Large language models (LLMs) are the core technology behind ChatGPT and Bard. They are also an amazing opportunity for aspiring entrepreneurs to build very sophisticated software apps. In this article, I describe 8 powerful tools which software developers can use to build apps with LLMs.
1. OpenAI API
OpenAI has an API that allows developers to access GPT-4 and other LLMs created by OpenAI. This API is at the heart of many AI apps. The pricing for the API with each LLM model is summarized in the table below.
Model | Pricing |
GPT-4 (with 8K context) | $0.03 / 1K tokens (prompts) $0.06 / 1K tokens (completions) |
GPT-4 (with 32K context) | $0.06 / 1K tokens (prompts) $0.12 / 1K tokens (completions) |
Chat (gpt-3.5-turbo) | $0.002 / 1K tokens |
InstructGPT (Ada) | $0.0004 / 1K tokens |
InstructGPT (Babbage) | $0.0005 / 1K tokens |
InstructGPT (Curie) | $0.002 / 1K tokens |
InstructGPT (Davinci) | $0.02 / 1K tokens |
You can also create your own custom models by fining tuning some of OpenAI’s base LLMs. There is token-based pricing for both the training of fine-tuned models and your subsequent usage of those models.
Model | Training Cost | Usage Cost |
Ada | $0.0004 / 1K tokens | $0.0016 / 1K tokens |
Babbage | $0.0006 / 1K tokens | $0.0024 / 1K tokens |
Curie | $0.003 / 1K tokens | $0.012 / 1K tokens |
Davinci | $0.03 / 1K tokens | $0.12 / 1K tokens |
OpenAI also has APIs which complement its LLM APIs by offering text embedding and text-to-image capabilities. You can find the pricing for those APIs here.
2. LangChain
LangChain is an open-source Python framework for developing LLM-based apps. In particular, LangChain allows you to “chain” together LLMs, user prompts, and third-party apps.
[3] LangChain Python Repo on Github
[4] LangChain Javascript Repo on Github
3. Steamship
Steamship is basically Heroku for LLM apps. You can host managed LangChain apps in seconds.
4. Dolly 2.0
Dolly 2.0 is an open-source (even for commercial use) LLM designed for ChatGPT-like human interactivity. You can use this as a replacement for OpenAI’s GPT API if you want more control over the functionality and cost of your app. The tradeoff is slightly lower model capability and slightly higher operational complexity to get it set up and running.
[2] Databricks: Free Dolly: Introducing the world’s first truly open instruction-tuned LLM
5. Pinecone
Pinecone is a vector database built for high-performance vector search applications. It is a very good way to store vector embeddings of text, images, and/or video data. One useful application of such a database is to give an LLM the ability to perform a semantic search over a particular dataset (e.g. a user’s cloud drive, a set of company documents, a set of pictures, etc).

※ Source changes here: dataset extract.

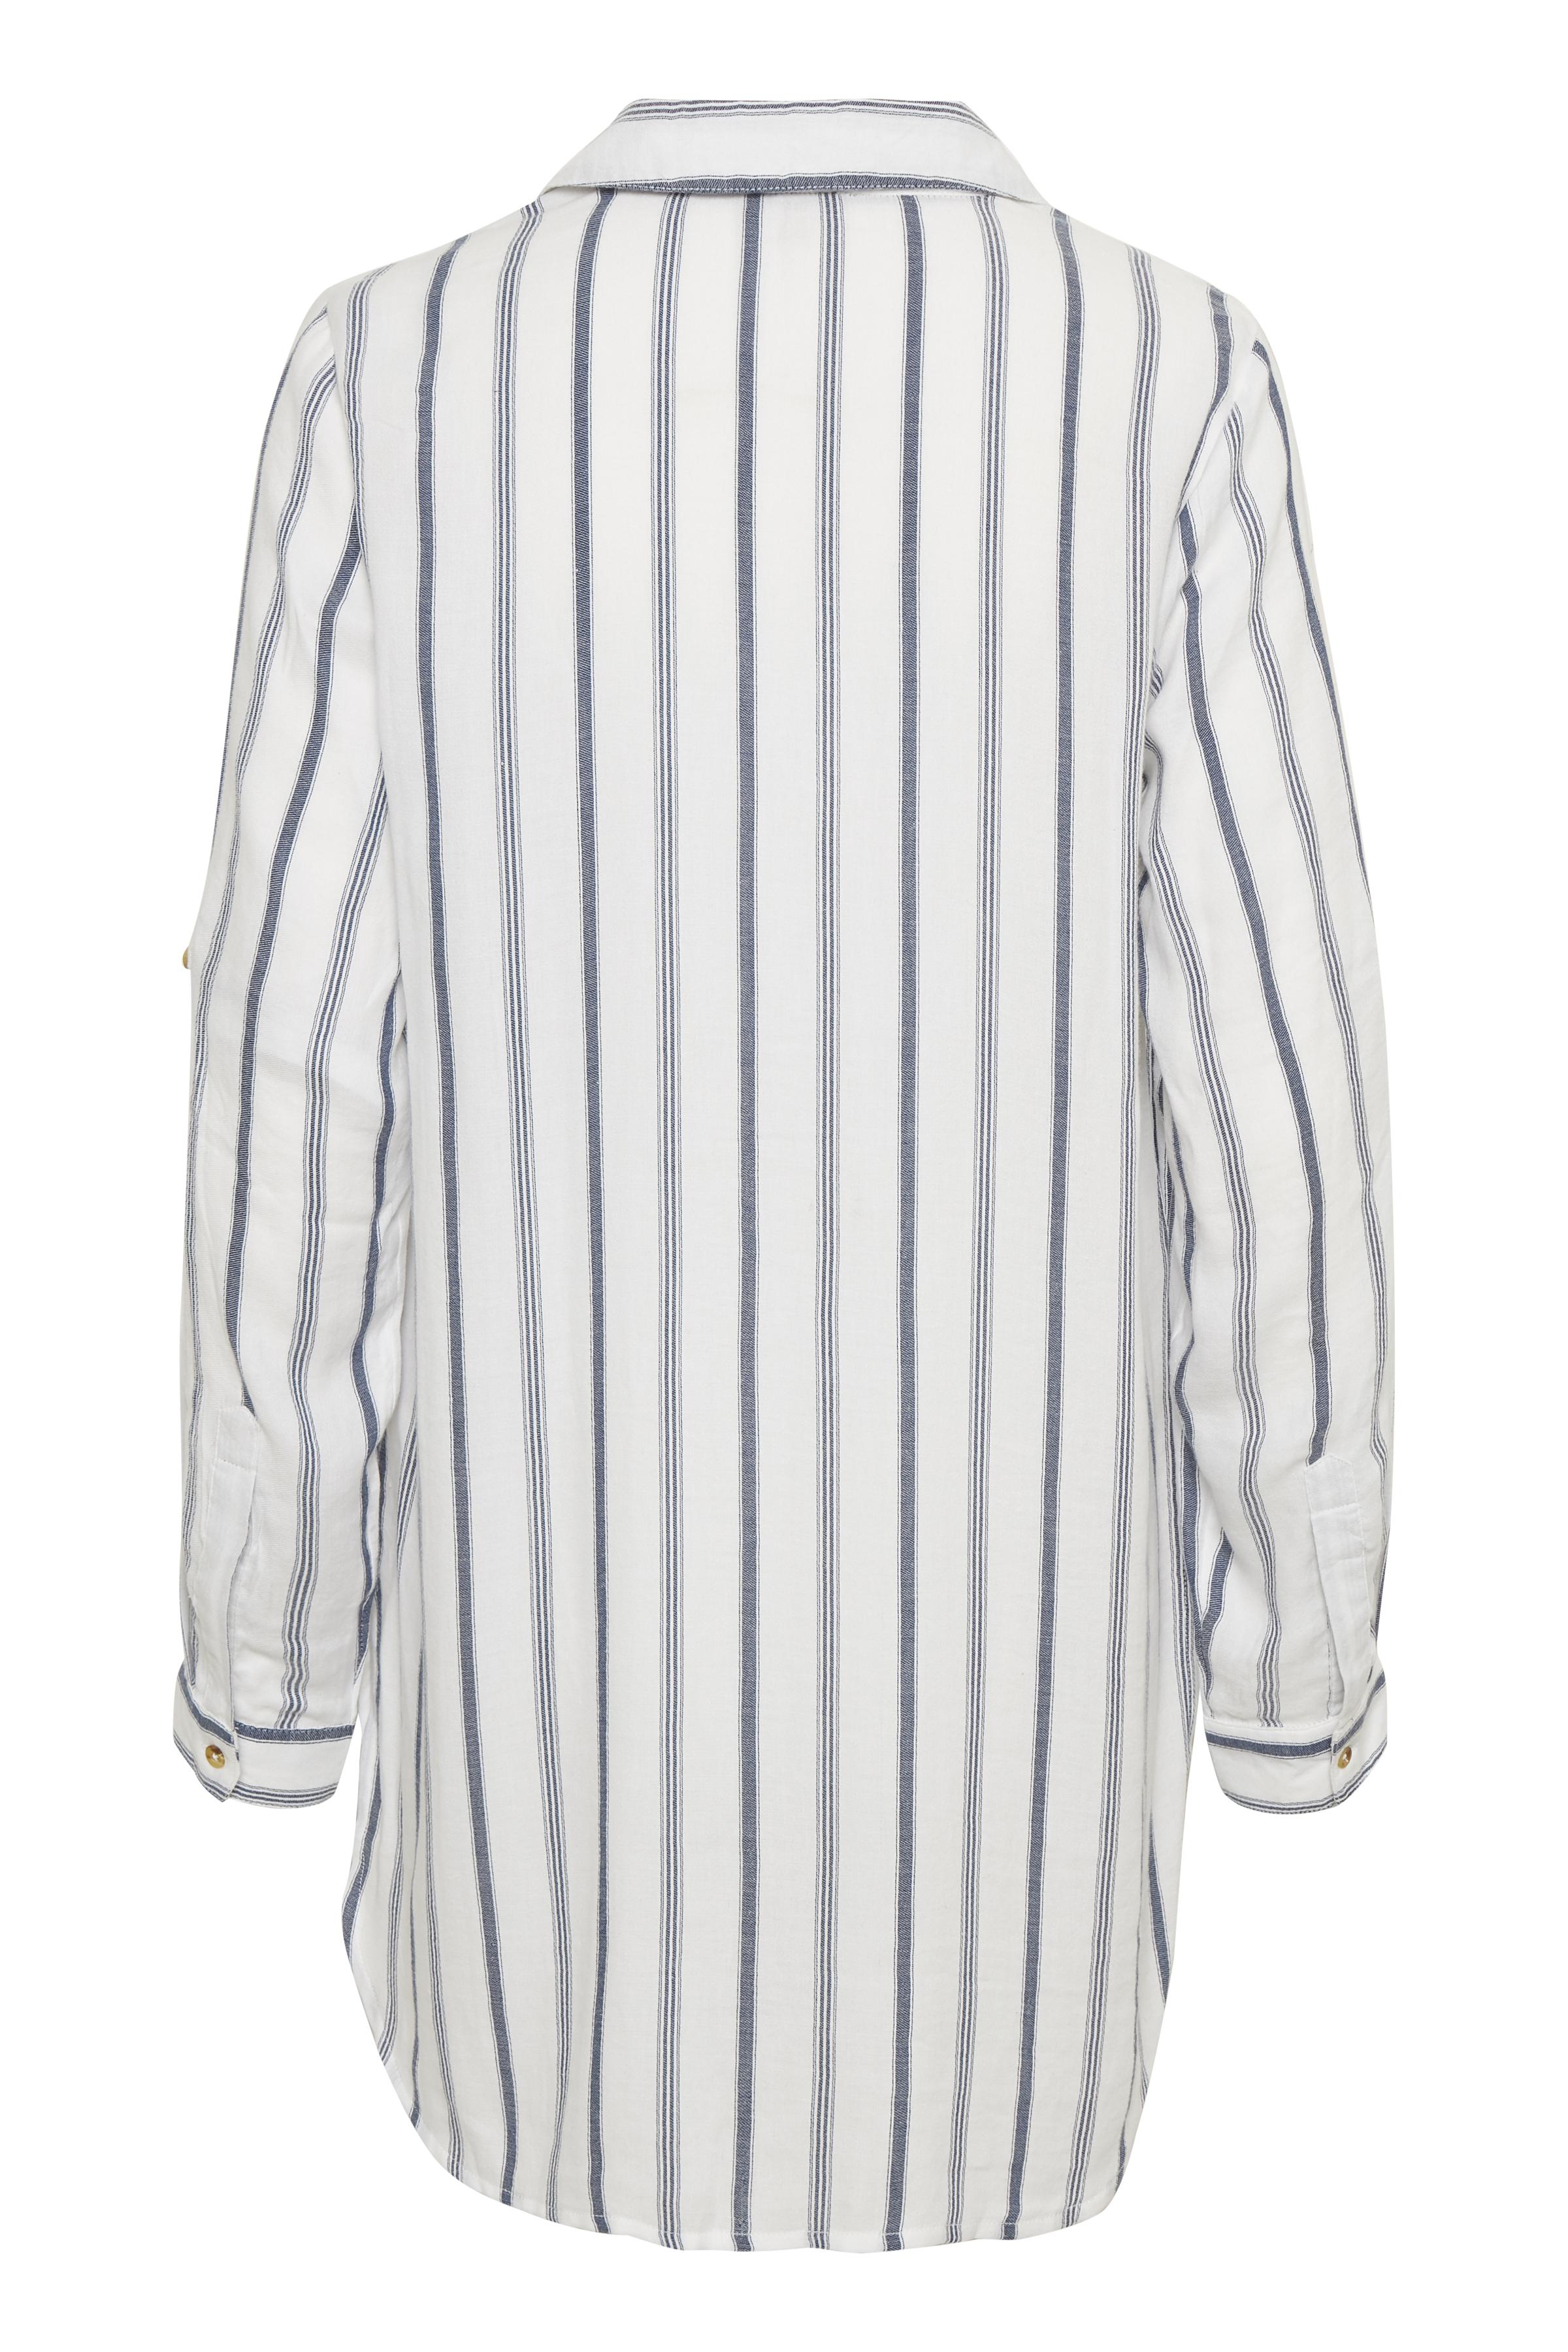 Off-white/blå Kjole fra Bon'A Parte – Køb Off-white/blå Kjole fra str. S-2XL her

[1] LangChain documentation for using Pinecone
6. Hugging Face Hub
Hugging Face Hub is a platform where users can share datasets and pre-trained AI models. It is somewhat like GitHub in terms of code-sharing and collaboration features.
Hugging Face Hub also includes Hugging Face Spaces which is a hosted service where users can build and deploy web-based demos of AI apps using Gradio or Streamlit.
7. DeepSpeed Chat
DeepSpeed Chat (DS-Chat) is a Microsoft service which takes a pre-trained Huggingface model and runs it through the 3 steps of InstructGPT-style RLHF (Reinforcement Learning with Human Feedback) training necessary to produce a model that interacts with humans like ChatGPT. DS-Chat is a significantly (perhaps 15x) cheaper way to perform this type of training than prior methods.
[1] Microsoft blog post announcing DeepSpeed Chat
8. Eleven Labs
Eleven Labs allows you to create voice replicas of real people (such as yourself). You can use this to transform the textual output of an LLM into audio output of an app.